"John Patterson, Lecturer on Ancient History at the University of Cambridge, is a Roman historian who works extensively with the archaeology and material culture of Roman Italy. He is a well-known specialist in the history of the city of Rome (from brick stamps to civic rituals, from amphitheatres to the political arena) ? as well as an expert in the countryside of Roman Italy and its social and economic changes over the imperial period. He has reviewed recent work on both topics in survey articles for the Journal of Roman Studies."
His recent book Political Life in the City of Rome is published by Bristol Classical Press and he is currently working on a city-country relations in Italy in the imperial period.

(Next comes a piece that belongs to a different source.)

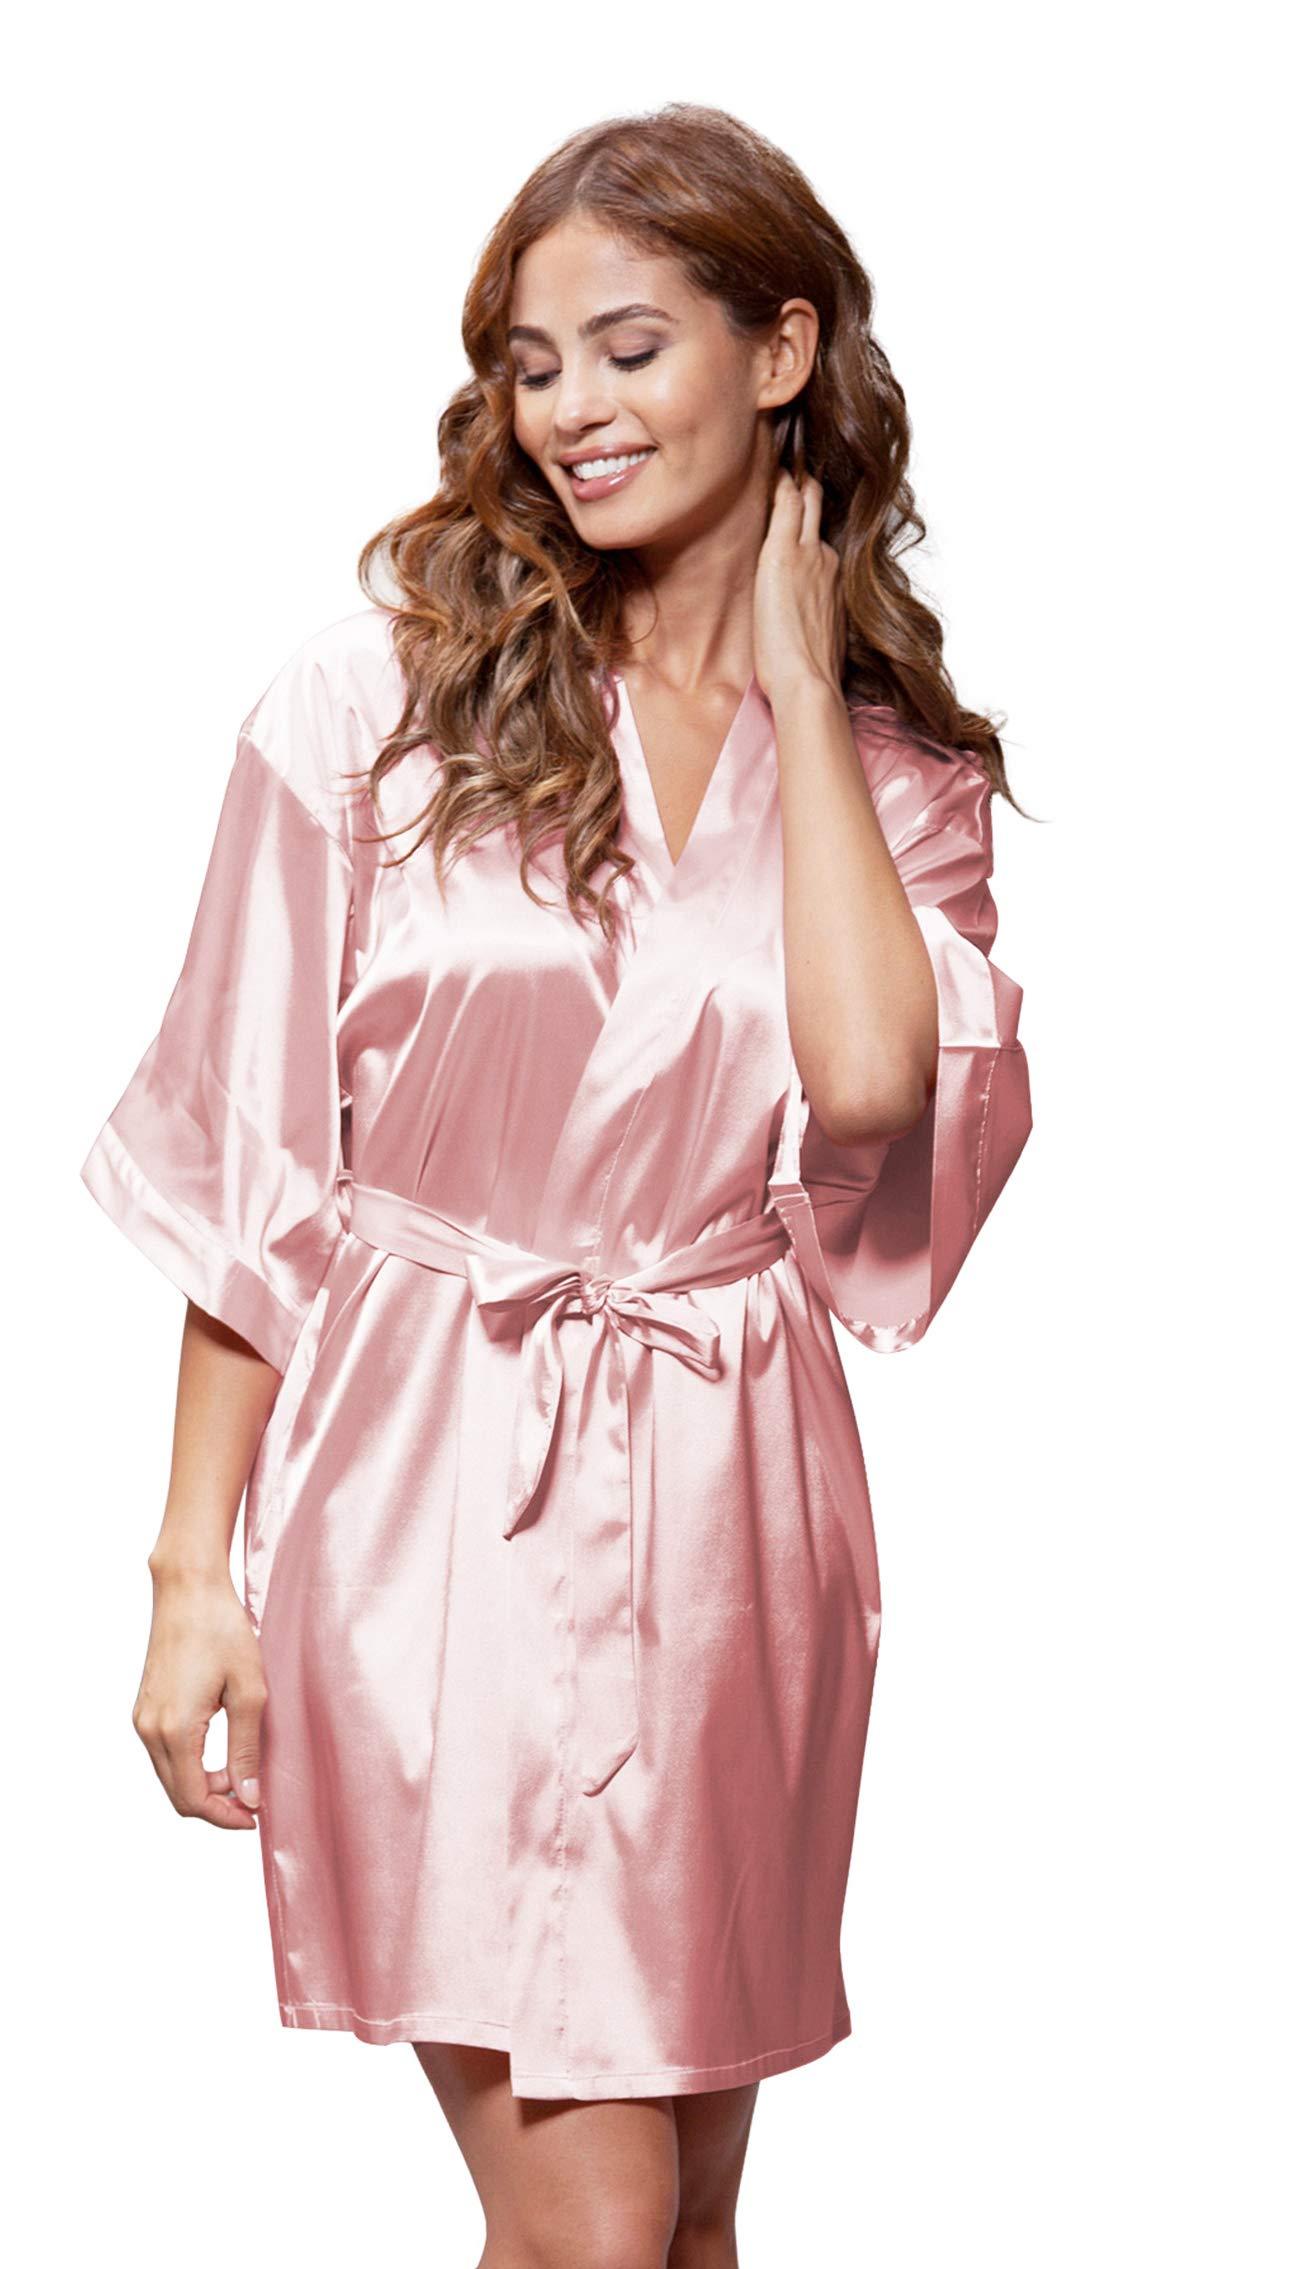 Women/'s Pure Color Satin Short Kimono Bridesmaids Lingerie Robes

Dr. Patterson is also studying th epigraphy of the Tiber River Valley as a participant in the Tiber Valley Project.
"Launched in 1997, the Tiber Valley Project involves scholars from twelve British Universities as well as a large number of Italian scholars. The study area centres on the stretch of the middle Tiber between Rome and the Umbrian border town of Otricoli.

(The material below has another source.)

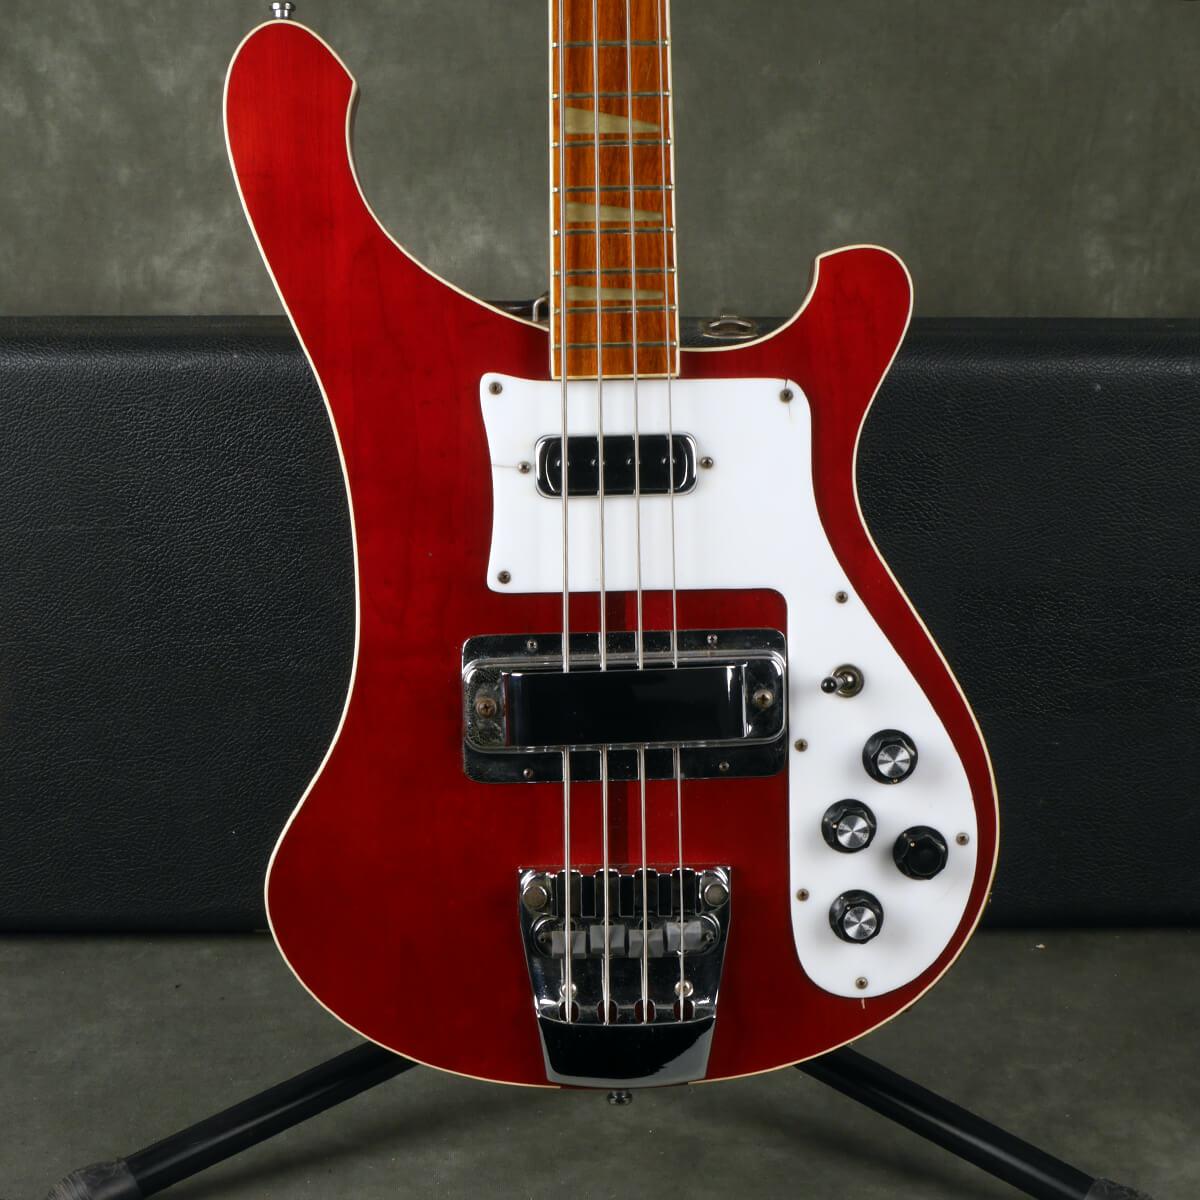 Rickenbacker 1979 4001 Bass - Burgundy Glo w/Hard Case - 2nd Hand

This is one of the most intensively studied areas in the whole Mediterranean. Nevertheless, studies so far have tended to concentrate on one or the other side of the river, and no one study has ever attempted to study the valley as a historical entity through time. The aim therefore is to examine the middle Tiber Valley as the hinterland of Rome, looking at the impact of Rome's development on the settlement history, economy and culture of the river valley over two millennia, from 1000 BC to AD 1000.

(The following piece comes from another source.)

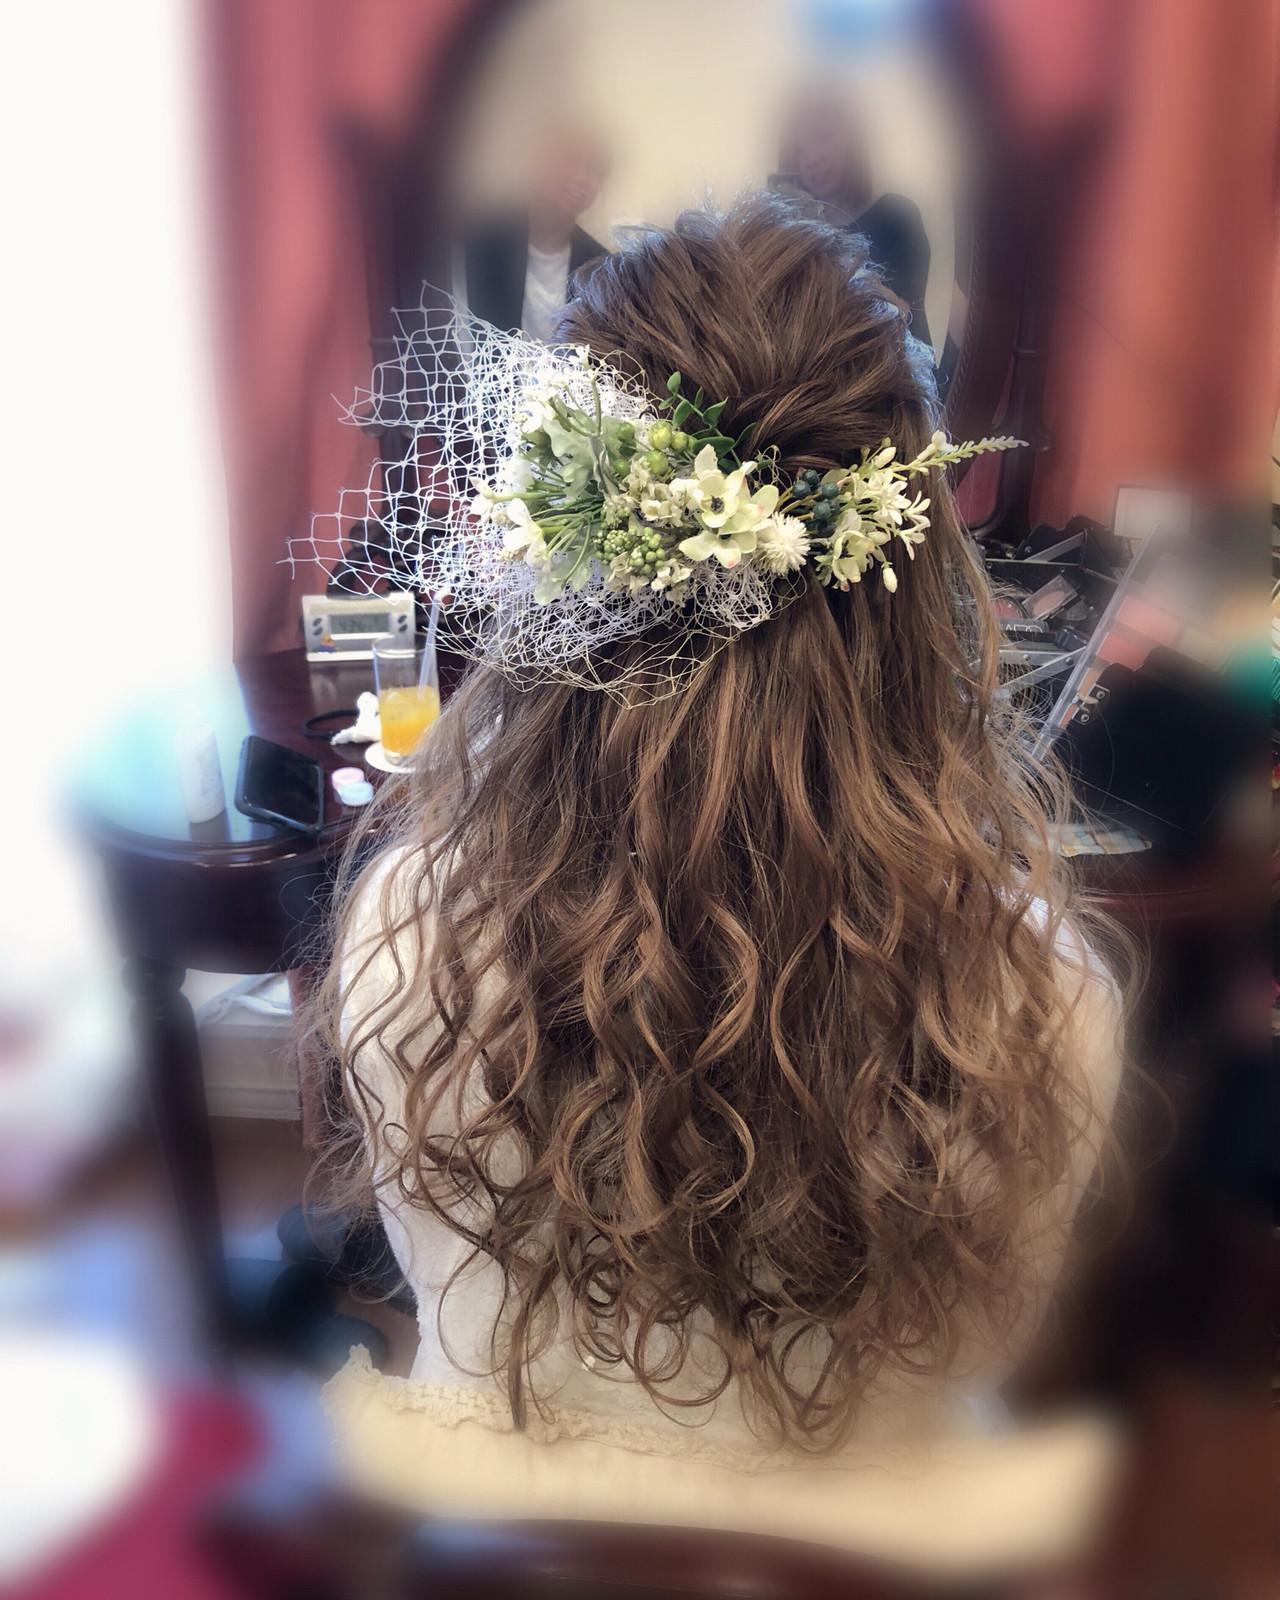 ヘアセット ブライダル ハーフアップ フェミニン ヘアスタイルや髪型の写真・画像

Over the last five years, a team of researchers at the BSR have been collecting, integrating and reanalysing this data to relate the historical development of Rome to the changes in the settlement, economy and society of the valley from the Bronze Age to the Medieval period. Particular focus has fallen on: (1) the integration of diverse valley communities (Etruscans and Faliscans on the west bank; Sabines and Latins on the east bank) under Rome's progressive expansion as a regional power and then imperial power and (2) the political, social and economic fragmentation which followed the collapse of the Roman Empire in the late antique and early medieval periods when the valley was the centre of a complex interplay of power between Roman-Byzantines, Lombards, Carolingians and the increasingly powerful Papacy and Church."